E-Cigarettes May Pose More Harm Than Benefit
New research from Dartmouth's Norris Cotton Cancer Center, conducted with other centers nationally and published in the journal PLOS ONE, has found that e-cigarette use currently represents more harm than benefit at the population level.

While e-cigarettes are marketed as a tool to help adult smokers quit smoking, they only marginally increase the number of adults who succeed, and e-cigarettes may facilitate cigarette smoking initiation and cause substantial harm to adolescents and young adults once they are introduced to nicotine, says principal investigator Samir Soneji, PhD, associate professor at The Dartmouth Institute for Health Policy and Clinical Practice.

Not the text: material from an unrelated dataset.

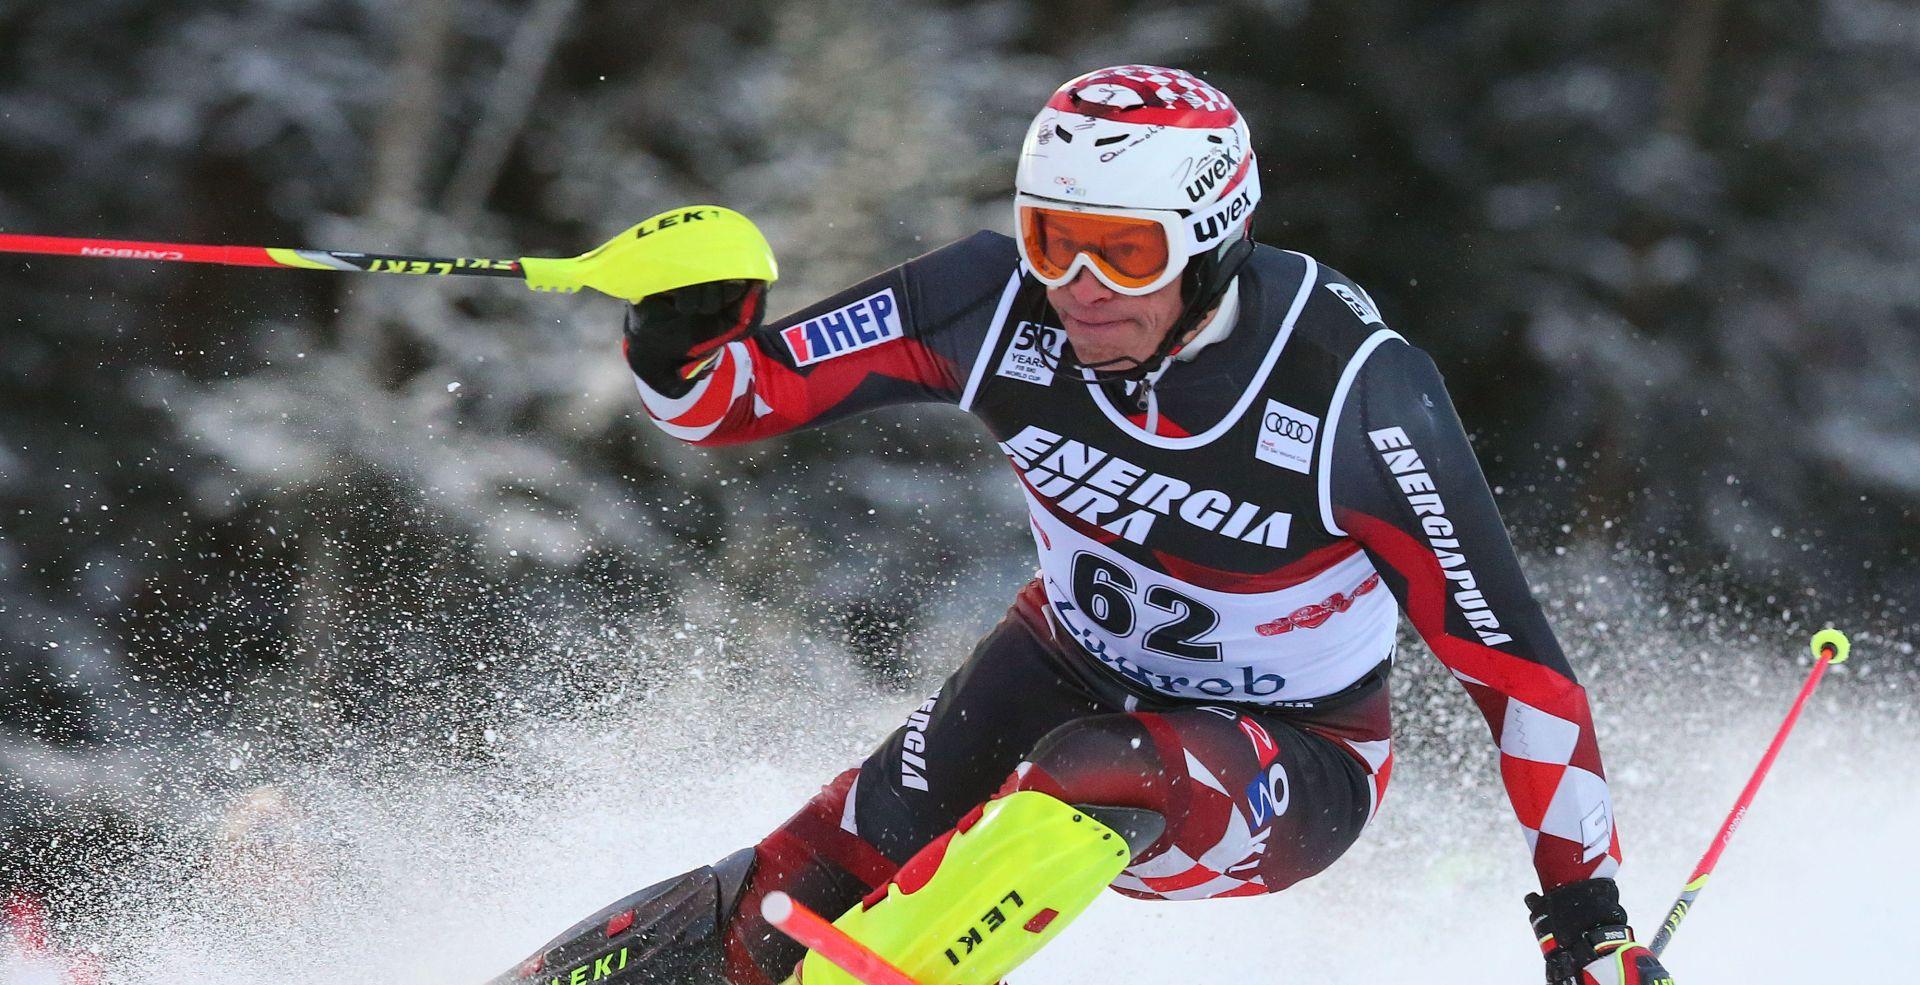 SKIJAŠKO SVJETSKO PRVENSTVO Kostelić prošao kvalifikacije za slalom
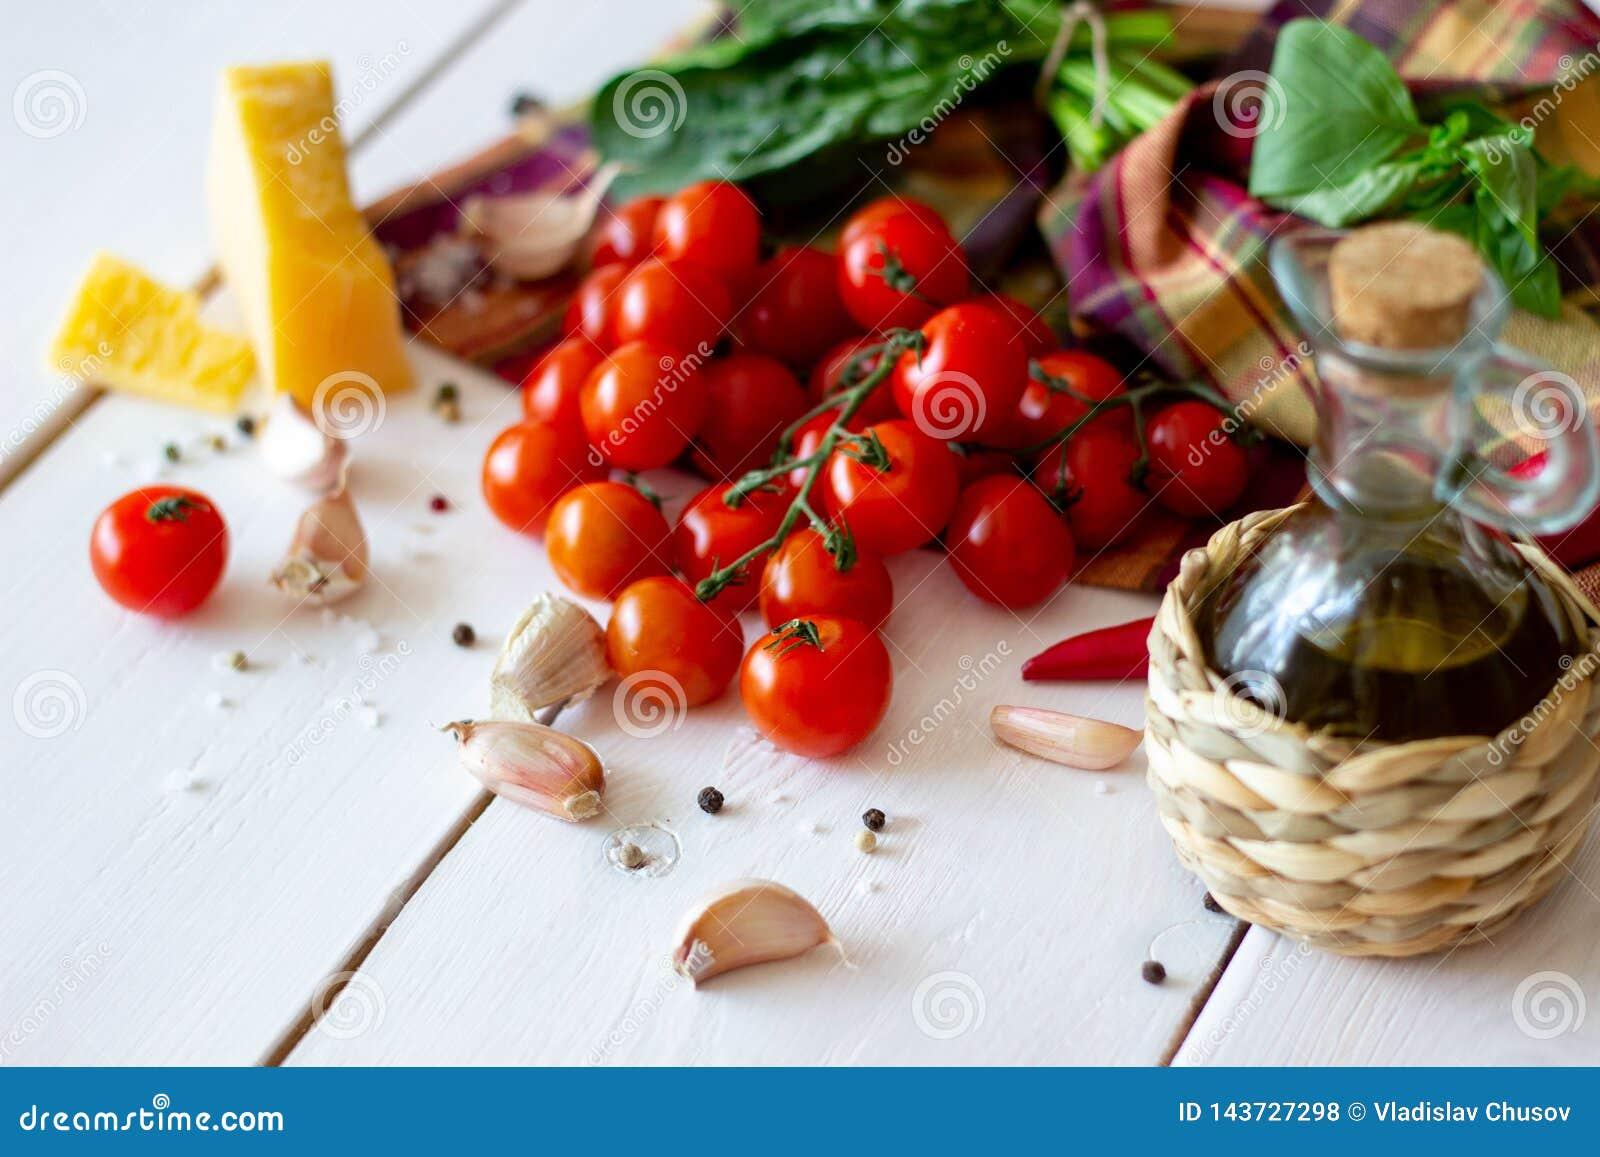 Παρμεζάνα, ντομάτες, ελαιόλαδο και άλλα συστατικά για τη σάλτσα σαλάτας Άσπρη ανασκόπηση

"We need to close the regulatory gaps that make e-cigarettes appealing to adolescents and young adults by reducing the availability of kid-friendly flavors and issuing product standards that reduce the level of known toxins and carcinogens in e-juice," he says. Read more: dartgo.org/e-cigstudy

Bacteria Use Memory to Form Biofilms
An international group of researchers, including George O'Toole, PhD, a professor of microbiology and immunology at Geisel, has discovered that bacteria use multigenerational memory to form biofilm communities.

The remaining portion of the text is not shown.